**What is required**. Each line of the data must be written out again verbatim; no image belongs in the copy.

**Available data**.
******

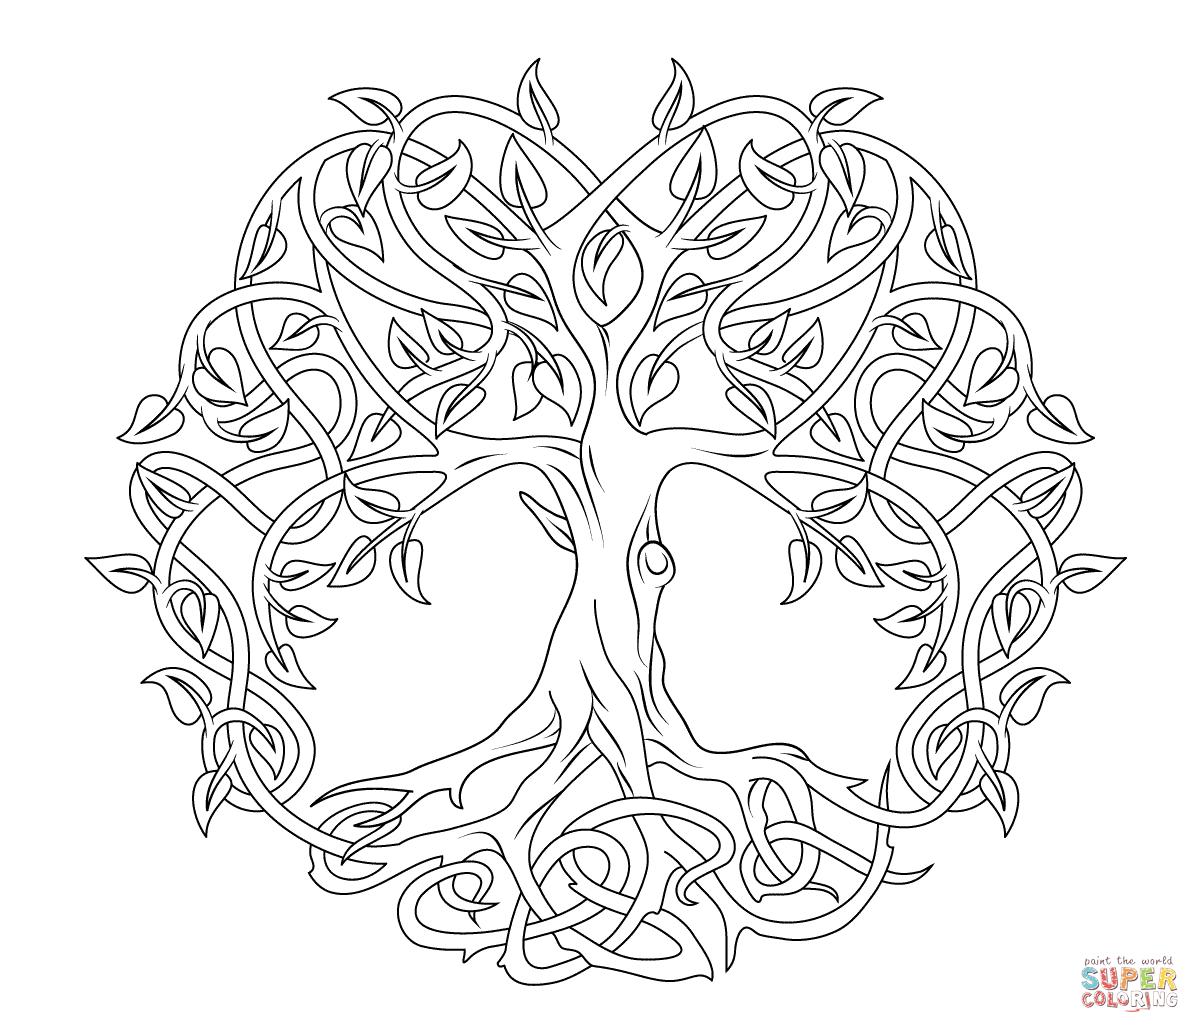 keltischer lebensbaum super coloring mandala. Black Bedroom Furniture Sets. Home Design Ideas
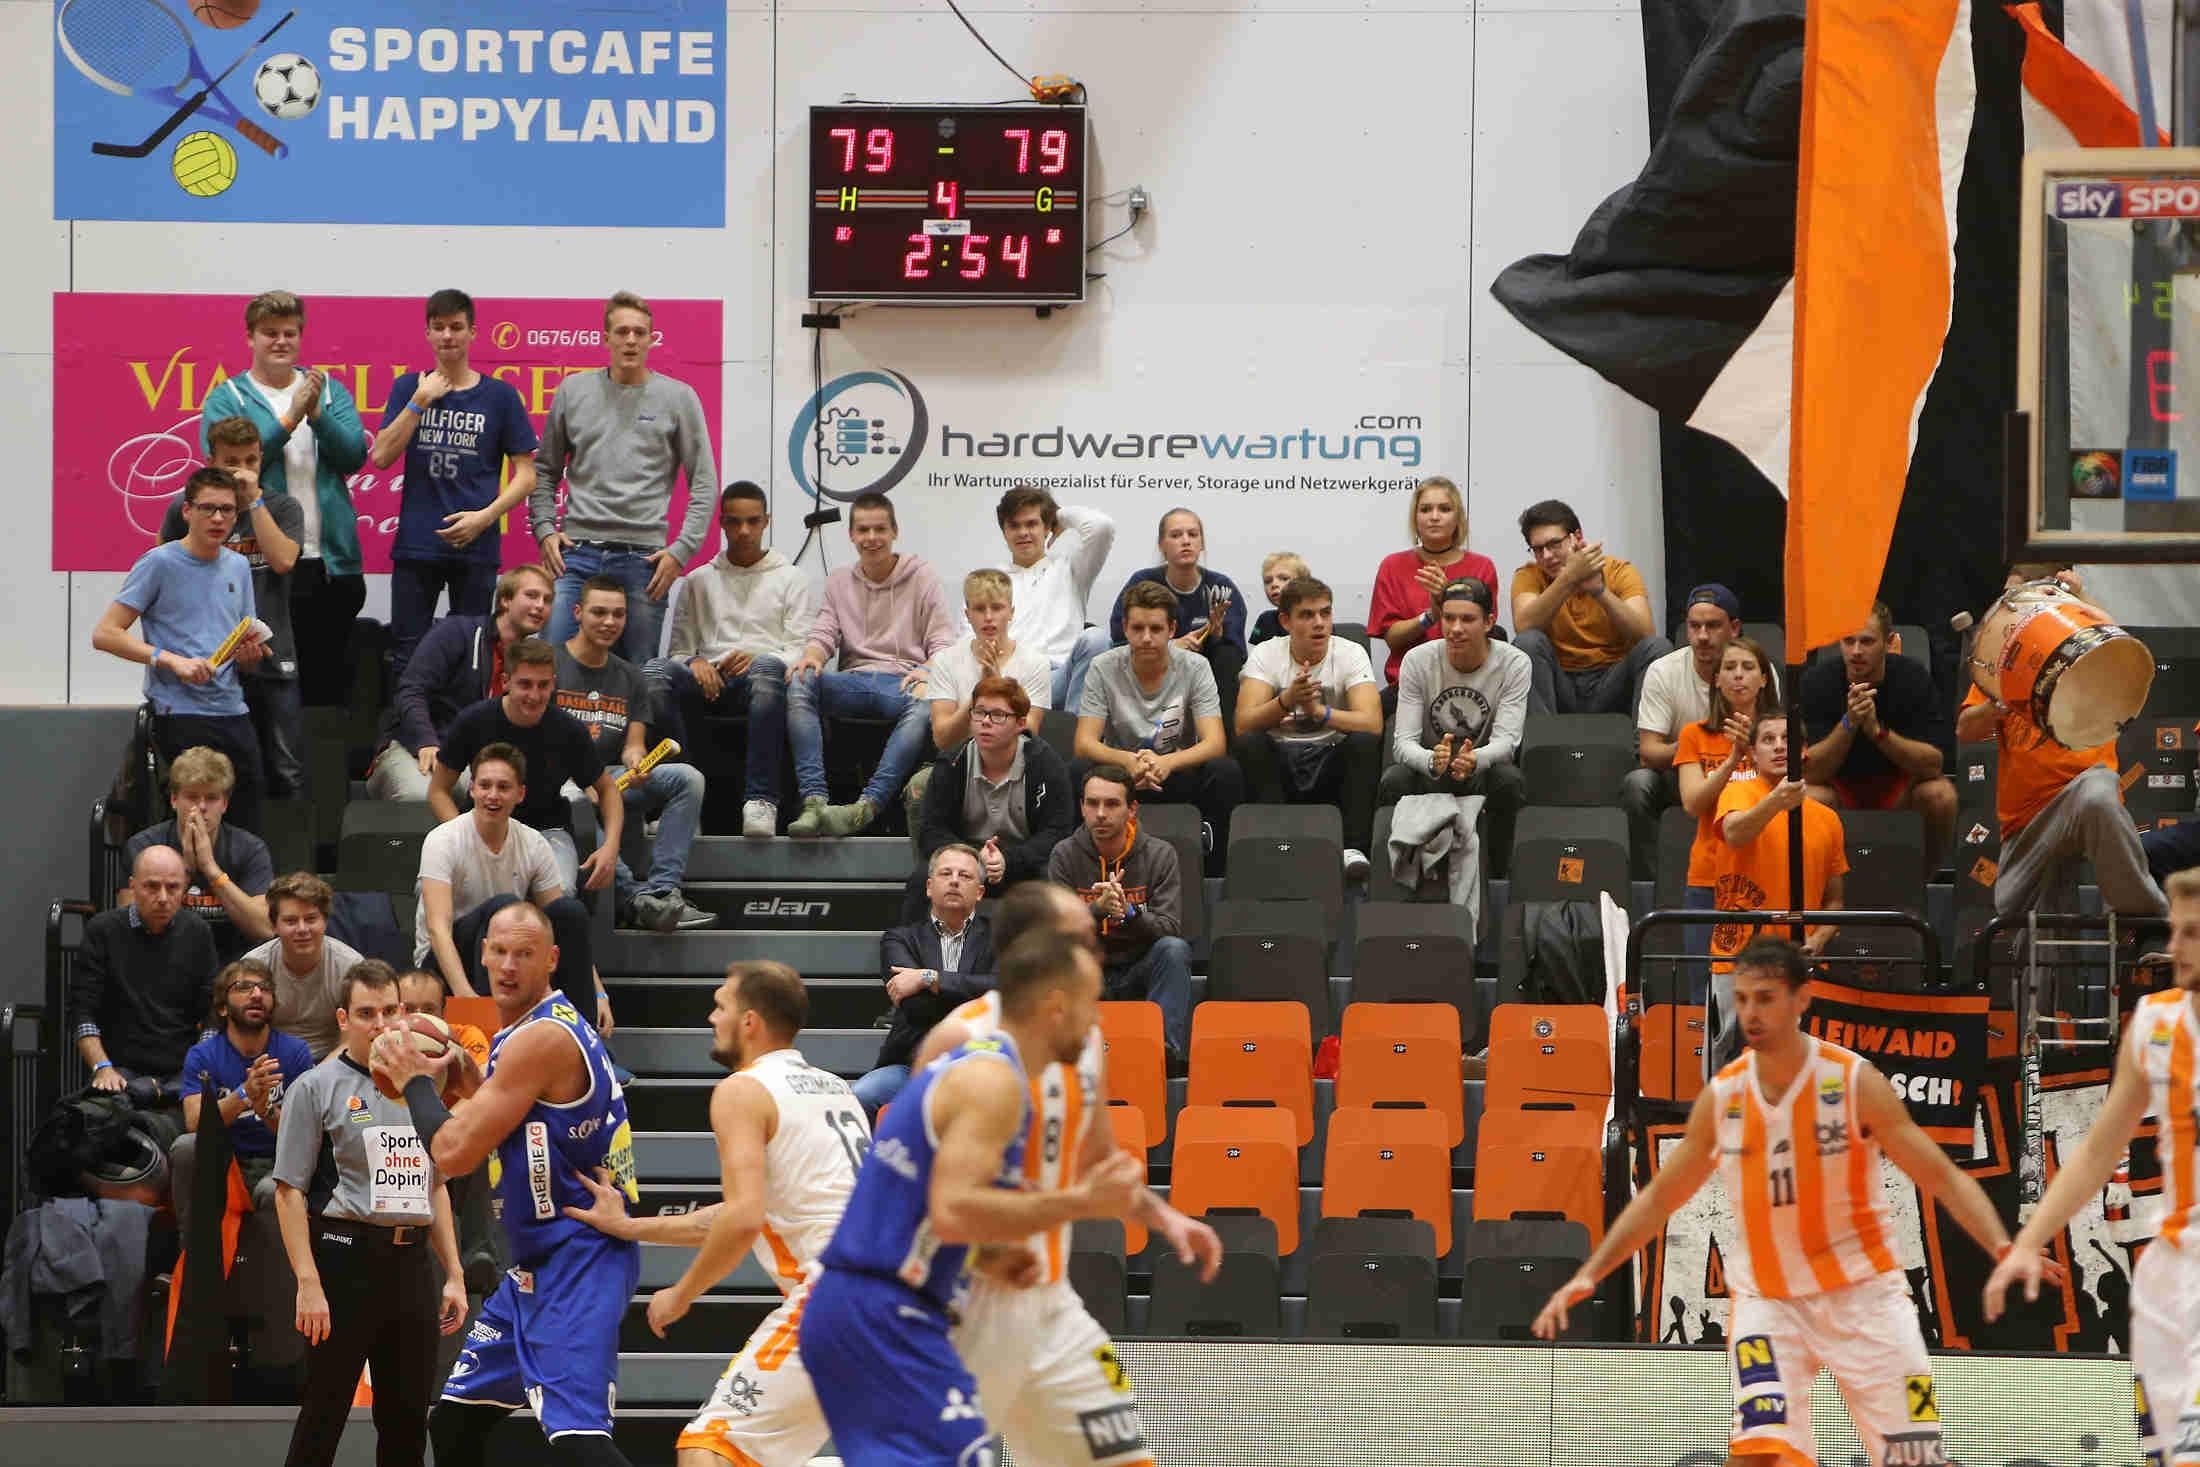 Hardwarewartung.com neuer Sponsor beim Österreichischen Basketball Rekordmeister
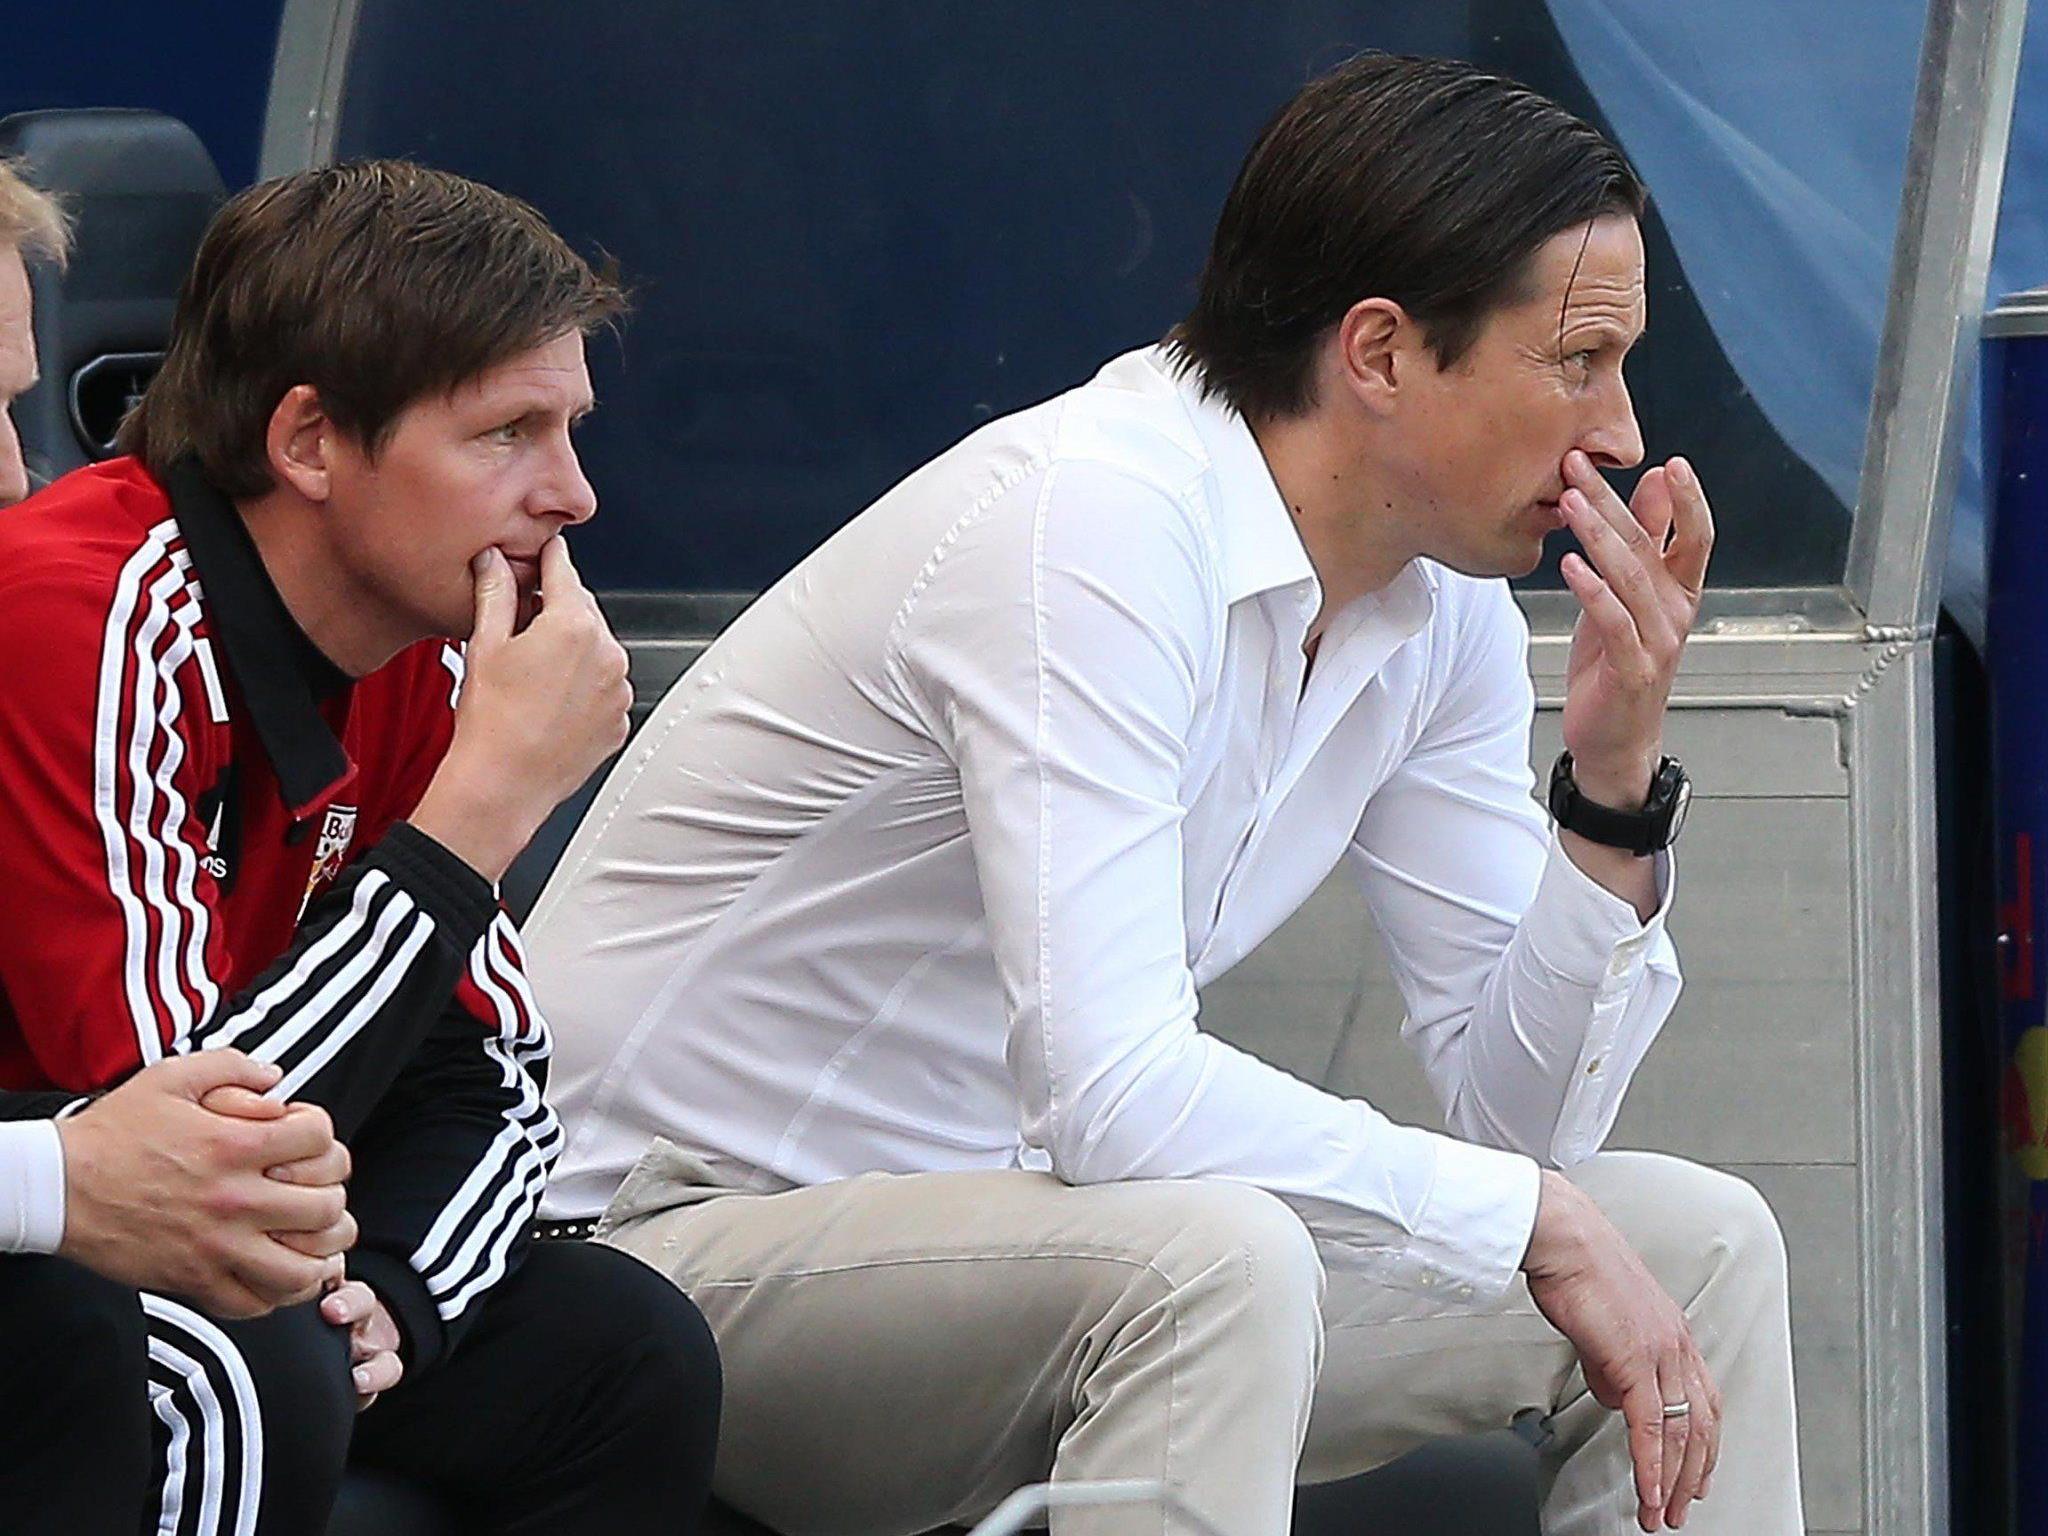 Roger Schmidt am Samstag gegen Sturm Graz. Seine Zukunft in Salzburg steht noch in den Sternen.

******

**Task output**.
 keltischer lebensbaum super coloring mandala. Black Bedroom Furniture Sets. Home Design Ideas
 Hardwarewartung.com neuer Sponsor beim Österreichischen Basketball Rekordmeister
 Roger Schmidt am Samstag gegen Sturm Graz. Seine Zukunft in Salzburg steht noch in den Sternen.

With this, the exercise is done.